I was relieved of further senseless irradiation and discomfort and sent home. I rested for a couple of hours in bed, a partially melted ice pack in place. I had work I needed to do in the lab, and I drove there to get it done. I found myself wincing every so often while I pipetted leukemia cells into tiny wells in a microtiter plate, thinking about what I’d been through. The snapping sound. The pain. The ice. The bleeding.

* * *

Three days later, my husband and I went to the scheduled office appointment to get the results of the biopsy. I was once again weighed with my boots and all of my clothes on and my blood pressure was checked and was — yet again — high. As we waited in an office for my primary care physician that someone had randomly designated to me and whom I’d never met before, I can’t say that I felt overly worried or concerned. In retrospect, that was undoubtedly a mistake.

I had found more often than not over the years that a dollop of pessimism sprinkled with a pinch of hysteria helped ward off bad things. It’s almost as though this kind of thinking strips the Powers That Be of the ability to shock and rattle, and they just give up, since there’s no fun in it anymore. My whole life, I’d been semi-jokingly referred to by friends as a complete neurotic, but what they didn’t realize was how being a neurotic was my modus operandi for survival.

I sat in a chair next to my husband, assuming what I had was indeed one of those hormonally-induced, benign fibroadenomas I’d read about, which could range anywhere between the size of a pea and a golf ball. A golf ball! I couldn’t even imagine having something that huge inside of me that’s just a big lump of nothing that isn’t going to go anywhere. And what I had seemed roughly to be about the size of a small marble.

To fuel my wishful thinking even more was the fact that I was premenopausal at the time of the mammography and ultrasound. Bang! Obviously there were oodles of hormones up to no good and flying devilishly around inside of me, giving me these weird feverish sensations in the chest area every month and making odd things happen and strange growths pop up out of nowhere.

Add to the mix the fact that I’d turned 50 earlier in the year, the age at which folks are strongly encouraged to have polyps checked in the back end and women are slated to start going through menopause if it hasn’t happened already. Of course I was destined to experience this plethora of oddities, and I was convinced that what I had was just this goofy, harmless mass of misplaced flesh that arose from my body’s biological clock having ticked as much as it was ever going to.

The primary care physician walked in and shook my hand and my husband’s. She didn’t look particularly happy, which my husband pointed out later as having been the moment that he “knew.” The words “Your biopsy came back positive for invasive ductal carcinoma” came from the primary care physician’s taut lips. She did not pause for breath before following up with: “Would you like me to write you a prescription for Ativan?”

It had become obvious to me at that moment that the Grim Reaper had returned in a more feminine and expectedly humorless form.

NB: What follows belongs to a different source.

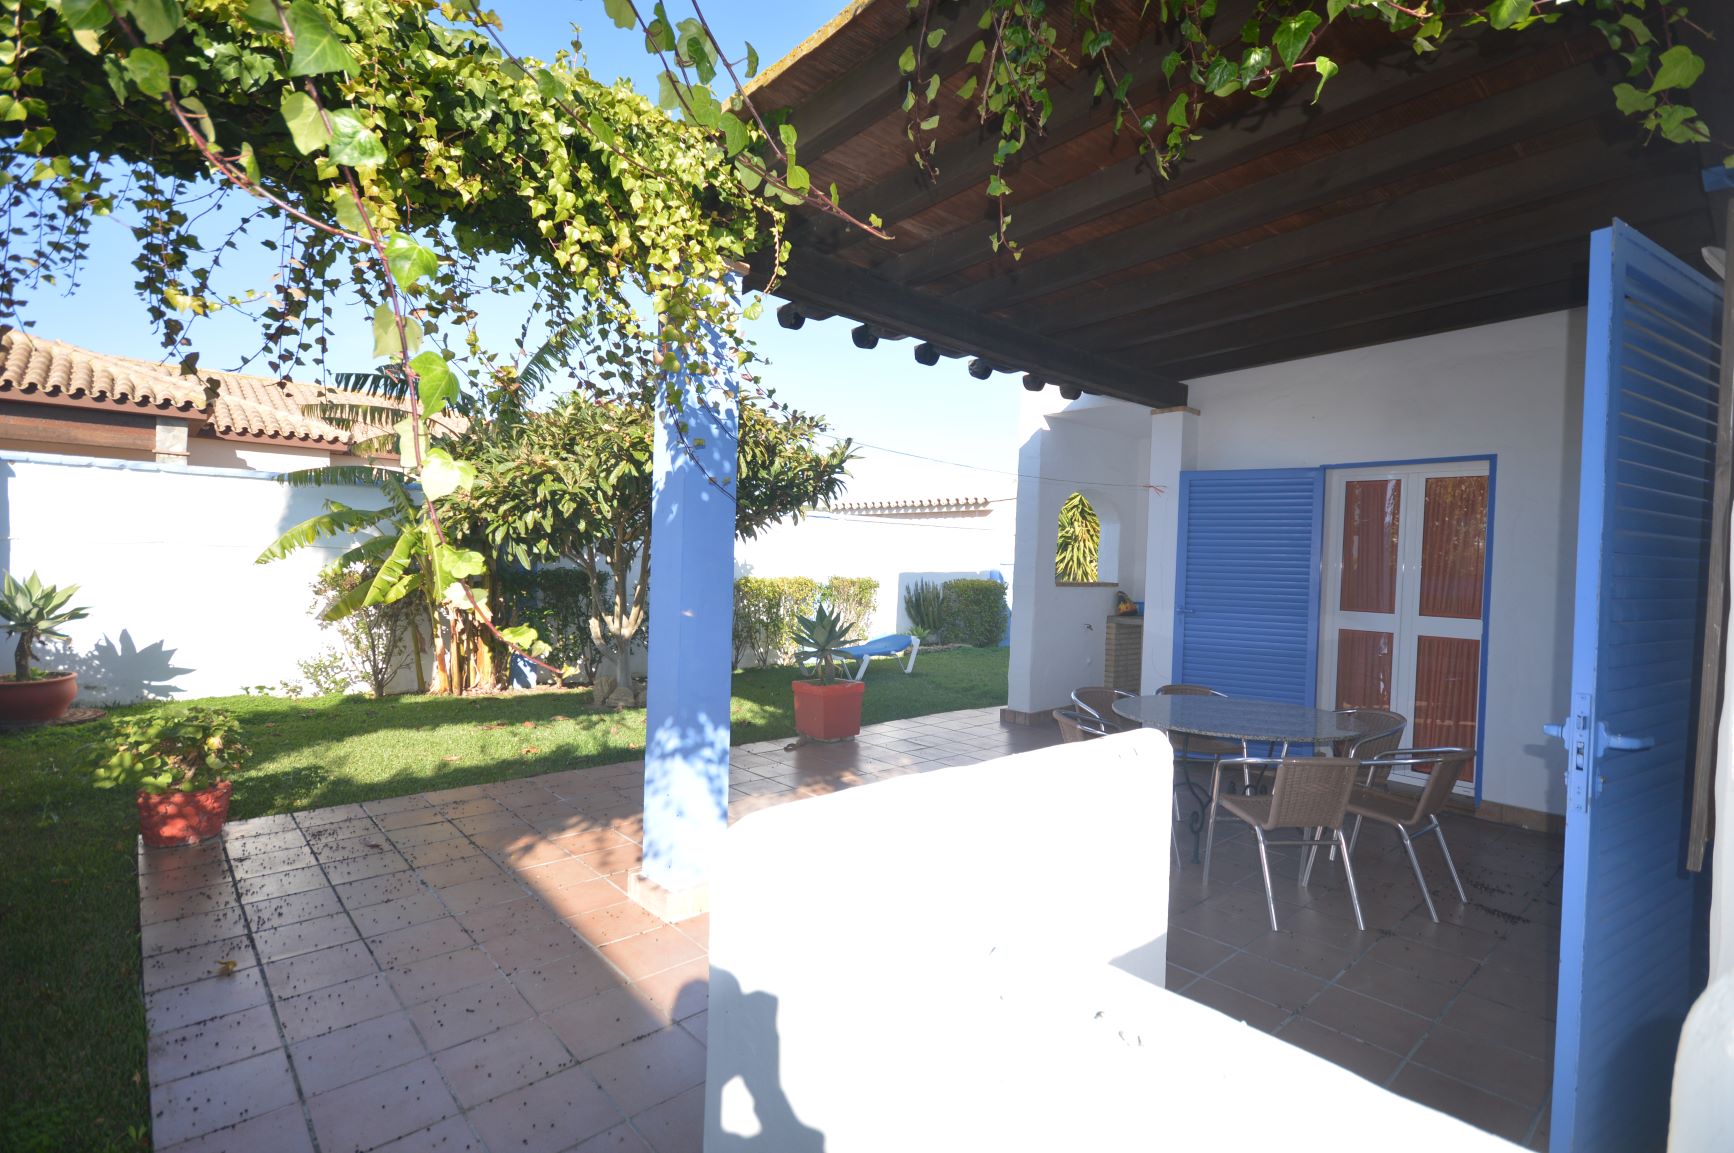 Complejo rural El Arroyo Casa 1 | Casa rural con piscina en pequeño complejo en Conil

And if I had been raised in a rainforest by monkeys and had known absolutely nothing about cancer, her offer of a lorazepam script would have told me in no uncertain terms that what I had was something really, really bad.

I have to drive by the Harvard Vanguard building every day as part of my commute to and from work. The building always summons a memory of my husband, standing outside it and facing me after we were given the diagnosis. I suppose it’s natural when the question of one’s mortality is touched on for the philosopher residing deep within to be wooed out of hiding. I found myself suddenly reflecting on how good or bad life had been or how good or bad I had been, and if things could have been better or different or if things needed to start being better or different.

“Would you be happier without me?” I asked.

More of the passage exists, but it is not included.